As one of the fastest growing countries, urbanisation has emerged as an opportunity and a challenge for India with huge implications for the rest of the world. Between 2001 and 2015, the number of cities in India with a population of a million or more increased from 35 to 53. In 2015, India’s urban population reached 420 million – 33 per cent of the total population. This number is expected to double to 800 million by 2050 when one in every two Indians will live in its towns and cities.
The social costs of growth
Today India’s cities not only face severe infrastructure bottlenecks and service level deficits that undercut economic performance, but poorly managed urban growth also directly impacts health and quality of life of citizens. Worsening air pollution in Indian cities is estimated to have caused 620,000 premature deaths each year. It also adds significantly to overall carbon emissions and close to half of India’s net greenhouse gas emissions originate in urban areas.
Rapid urban expansion in India primarily in peri-urban areas and is not only unplanned, but also almost entirely lacking in public services like water, sewer, power and other cirtical infrastructure, including reasonable access to transit. This reinforces the vicious cycle of ever-deeper reliance by households, firms and industries on unmanaged groundwater extraction, private vehicle ownership, and polluting diesel power generators to meet basic needs.
The social cost accounting approach
With rapid unplanned growth spreading across Indian cities, public interventions seem unable to stem the tide of negative externalities that arise, such as congestion, air pollution, water contamination and consequent health challenges. There is urgent need for new tools and practices that can aid cities assess their current conditions and evaluate possibilities of change towards sustainable urbanisation.
In a new report, Towards Smarter Service Provision for SMART Cities: Accounting for the Social Costs of Urban Services, WRI India approaches India’s urban issues from the aspe ct of assessing delivery mechanisms of selected services at the municipal level, looking in-depth at four case study cities – Bangalore, Indore, Pune and Surat.
Using a Social Cost Accounting (SCA) methodology, the market and non-market costs associated with the delivery of water, sanitation, transport and energy services in the case study cities was estimated.

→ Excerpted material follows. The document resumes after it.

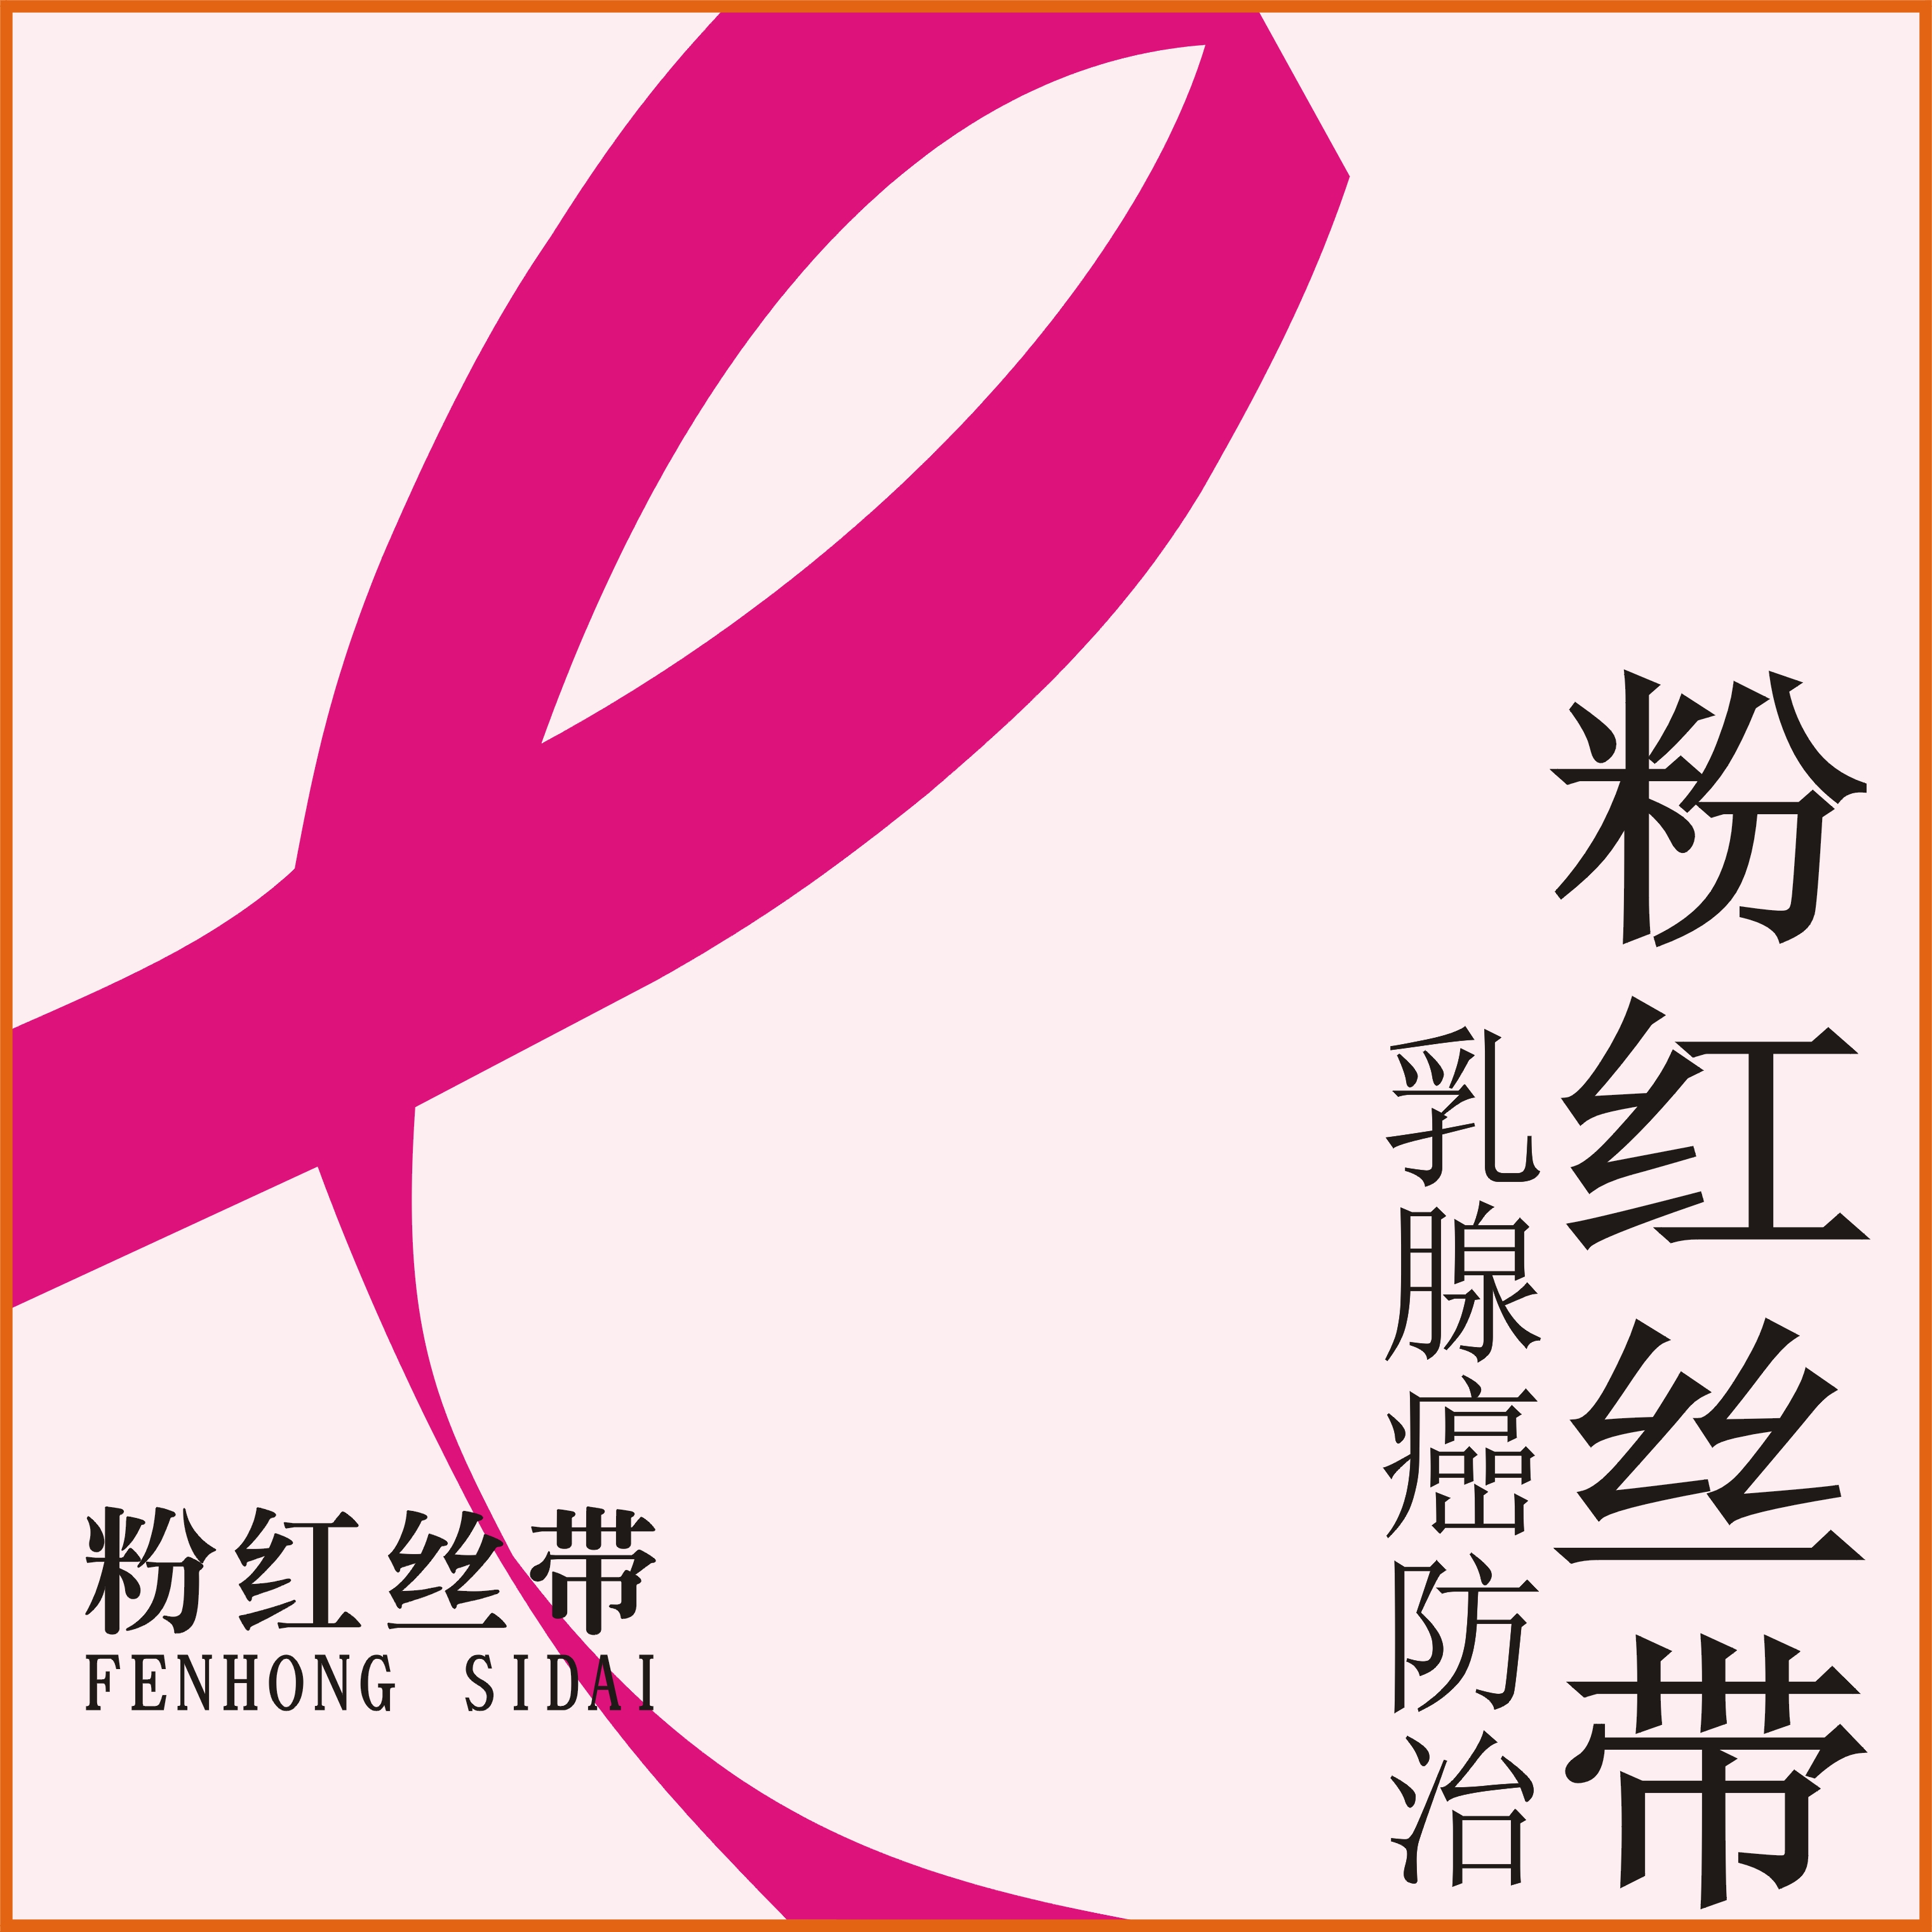 推进粉红丝带乳腺癌防治活动与中华粉红丝带女性健康

Alongside direct costs for various services the study also emphasises attention to often ignored social costs (indirect costs, health costs and environmental costs). Each type of service provision is categorised into public, private and self-provision across the three sectors and explored further.
The example of water
The study found that all four cities have been urbanising rapidly and have seen an increase in population and municipal boundaries. While these four cities report high aggregate levels of access to public services, there is significant variation within and between them. For example, despite high aggregate levels of access in Bangalore, more than 50 percent of the total water demand is met by groundwater from private tube wells and boreholes, and vended water. There are many reasons for these coping activities; intermittent supply and inability of the public utility to increase coverage or improve service quality are just some of them.
In the case of water, for example, we found that vended water and borewell water can have 2-68 times the social cost of public provided water (Figure 4). In Pune and Surat where public provided water accounts for 98 percent and 97 percent of the total quantity of water supplied, this might not pose as much a problem as in Bangalore and Indore where public water accounts for 48 percent and 42 percent respectively.
The way forward
Many national and sub-national programmes, such as AMRUT – India’s Smart Cities Mission, have been established to improve quality of service to urban residents. Existing evaluation metrics for these initiatives continue to focus on the supply-side of public service provision, in terms of network coverage and do not account for quality of service. So, while government initiatives envision progressive urban infrastructure projects, the continued focus on supply-side management using these indicators leads to business as usual solutions to be adopted. There is limited uptake of practices which can enhance sustainability outcomes such as demand management, reduced resource use and shift to renewable resources.
A Social Cost Accounting (SCA) approach, as demonstrated in this paper, should be adopted as a city tool to analyse services in cities so that interactions between different services across multiple sectors are mapped and better understood. Alongside policy and planning changes, new financing tools to fund urban infrastructure and services should be made available. Regulatory environments involving right pricing of services and incentives that encourage innovation and discourage high-carbon, high resource using alternatives should be enabled.